Chapter LVIII – The Hardest Struggle
As the French army fled back to Passau under the joint leadership of Luxembourg, Crussol and Coligny the Austrians celebrated their victory. But even with Turenne out of the picture, Linz secured
and the Huguenots on the run it was hard for his Eminence Maximillian to enjoy his triumph. The Habsburgs had been mauled horribly both at Passau and at Linz and not many professional soldiers remained in the Catholic ranks.
Luxembourg led the Protestant infantry into Passau where he was greeted by Frederick V elector of the Palatinate and the man Nicolas Henri had designated as the true sovereign of Bohemia. The German Protestant had been at odds with the French sovereign in the past, but ever since switching sides to support the Huguenots and their “Rhine Coalition” he had enjoyed Nicolas’ favour, thus ensuring his French-supported candidature for the Bohemian throne. Although the Protestant Bohemian estates had agreed to acknowledging Frederick as their lawful sovereign, they were becoming more and more dissatisfied with the lack of an advance on Prague- if Prague fell, they argued, “
the whole of the rotten Habsburg monarchy would come crumbling down.”
Yet without Turenne to lead them, the French despaired behind the walls of Passau.

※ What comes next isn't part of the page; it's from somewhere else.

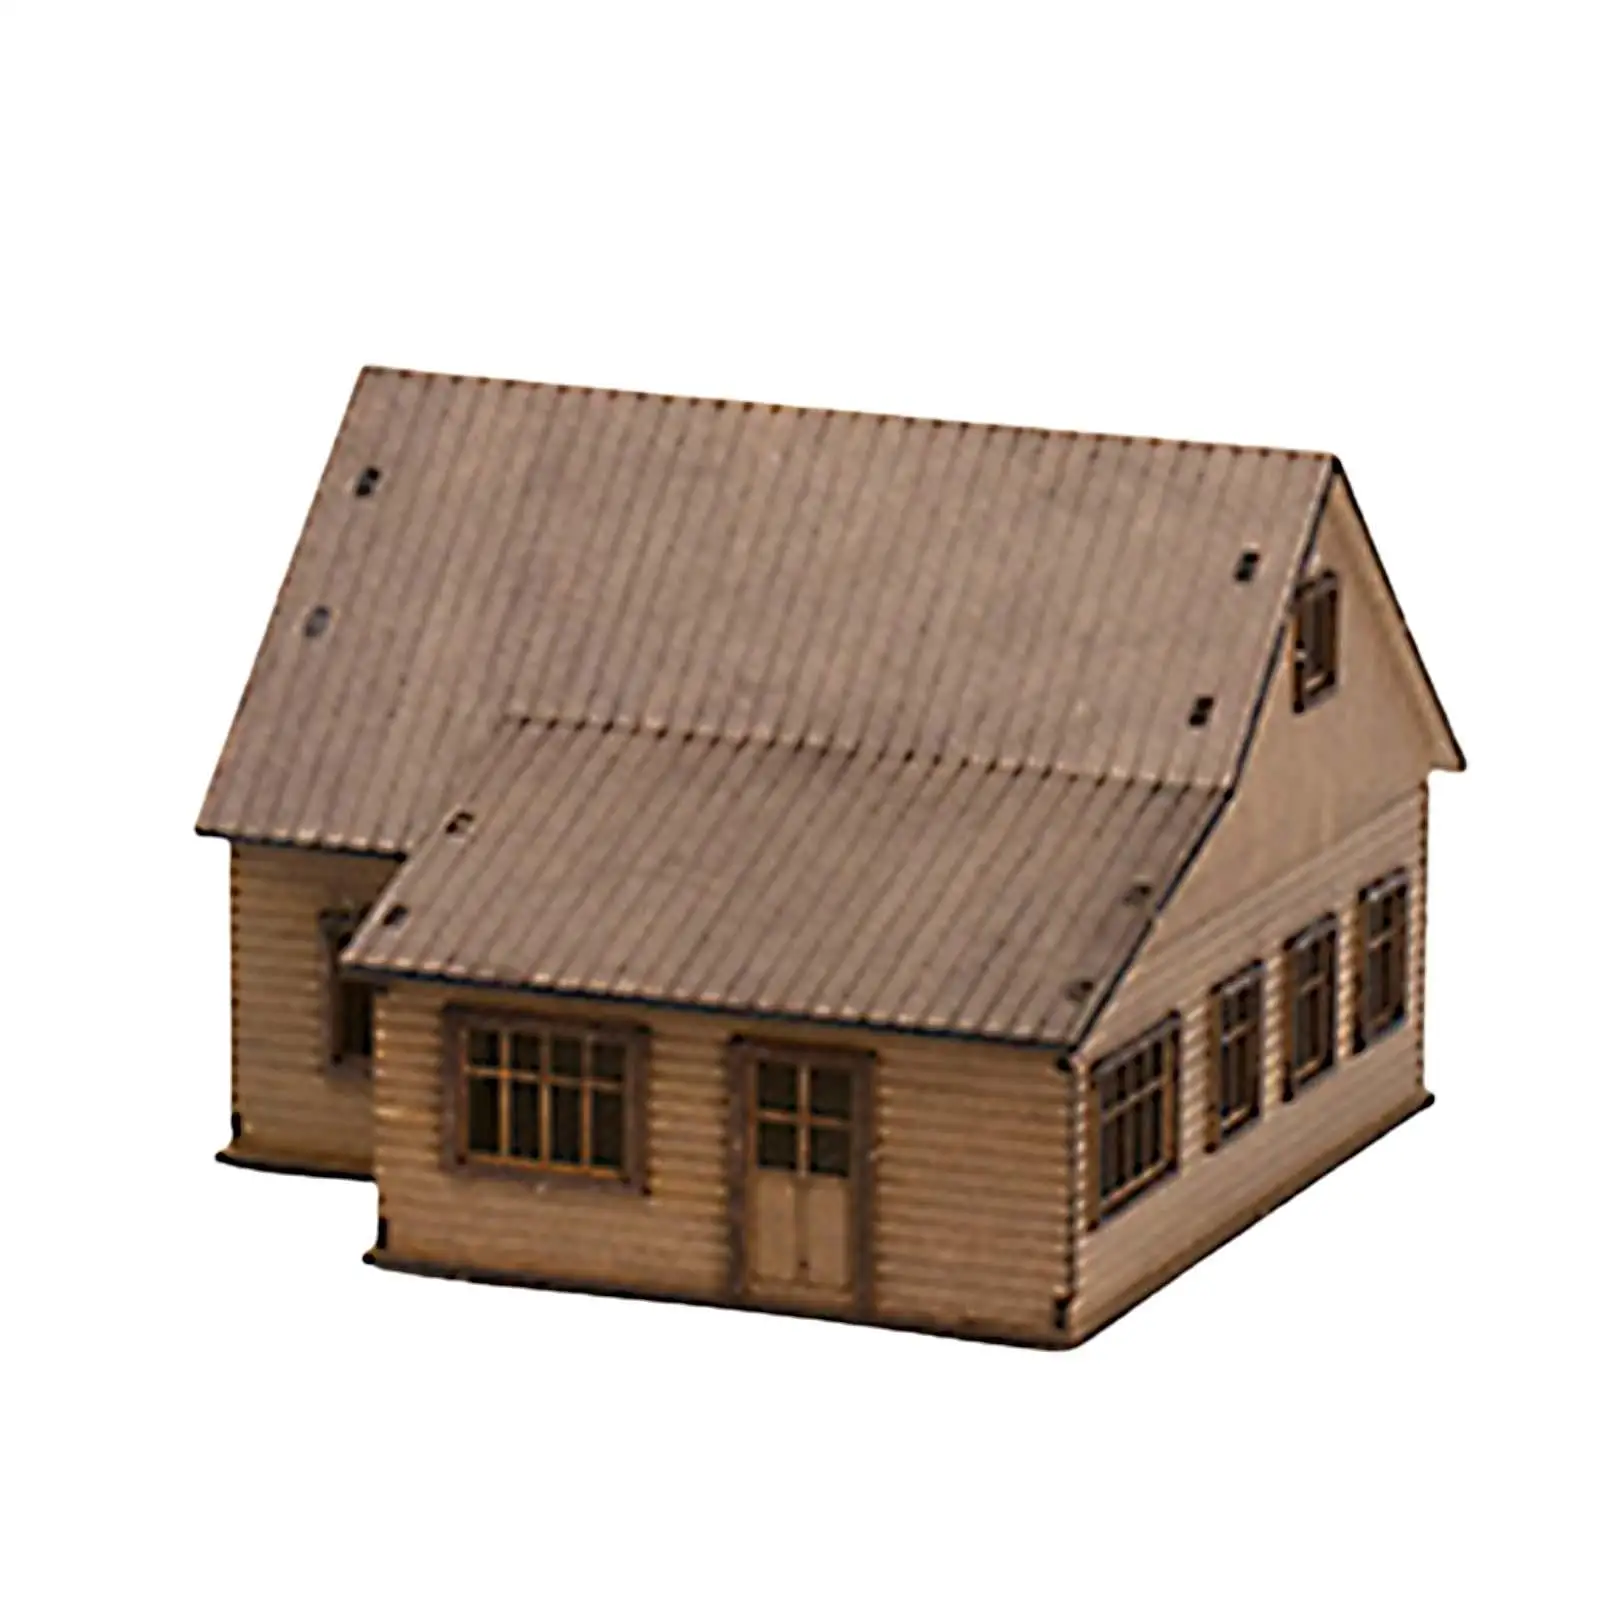 1/72 Wooden Building Model Kits Unassembly for Model Railway Scene

Nobody seemed capable to take up the mantle and popularity of the disappeared Marshal General and since Condé hadn’t appeared at the rendezvous the generals were certain that he too had been lost outside Linz. With the two of his most prominent generals seemingly dead or captured, Nicolas was rendered in a deep and malicious state of wrath and sorrow. “
Leave a trail of waste and destruction through Austria and Styria so that the Inquisitor might learn that one does not oppose those whom God has anointed…” he supposedly wrote to his officers in Bohemia before adding “…
the Bible declares an eye for an eye, but no Austrian is nor will ever be the equal of our much beloved Vicomte.”
The generals, however, promptly decided to elect Crussol chief commander of the German front in the absence of the two marshals and his first order was to send Coligny and Luxembourg to Paris for further instructions. The Armies of Flanders and the East were respectively put under the command of Claude de Villeneuve and Jules de la Ferrandie – two of Turenne’s young favourites.
Frederick V of the Palatinate portrayed in a contemporary painting as a Roman God. The German Calvinist was one of Nicolas’ chief supporters in his claim for the imperial title. Besides being an ally of Nicolas, he was also a qualified candidate for the Czech throne because of his dominant position within the Protestant Alliance of the Rhineland that lent substantial amounts of credit and war material to their belligerent co-religious brothers in France and the Low Countries.
***
The Neapolitan War of Succession
***
Maximillian had left the field outside Linz when it had become apparent that the French wouldn’t be able to resist the onslaught of his many battalions. The Austrians swept the fields outside the city walls clean and dumped the bodies of the fallen into mass graves, often alongside their broken weapons, armour and other personal belongs. This has later proved quite valuable to contemporary historians as the excavations have brought much detail to the equipment of the armies of early modern Europe. The fact that the Austrians didn’t seem to care to scavenge what remained of usual equipment from the fallen just goes to show how much faith the Habsburgs put in their victory – why gather more weapons when the enemy had already been broken?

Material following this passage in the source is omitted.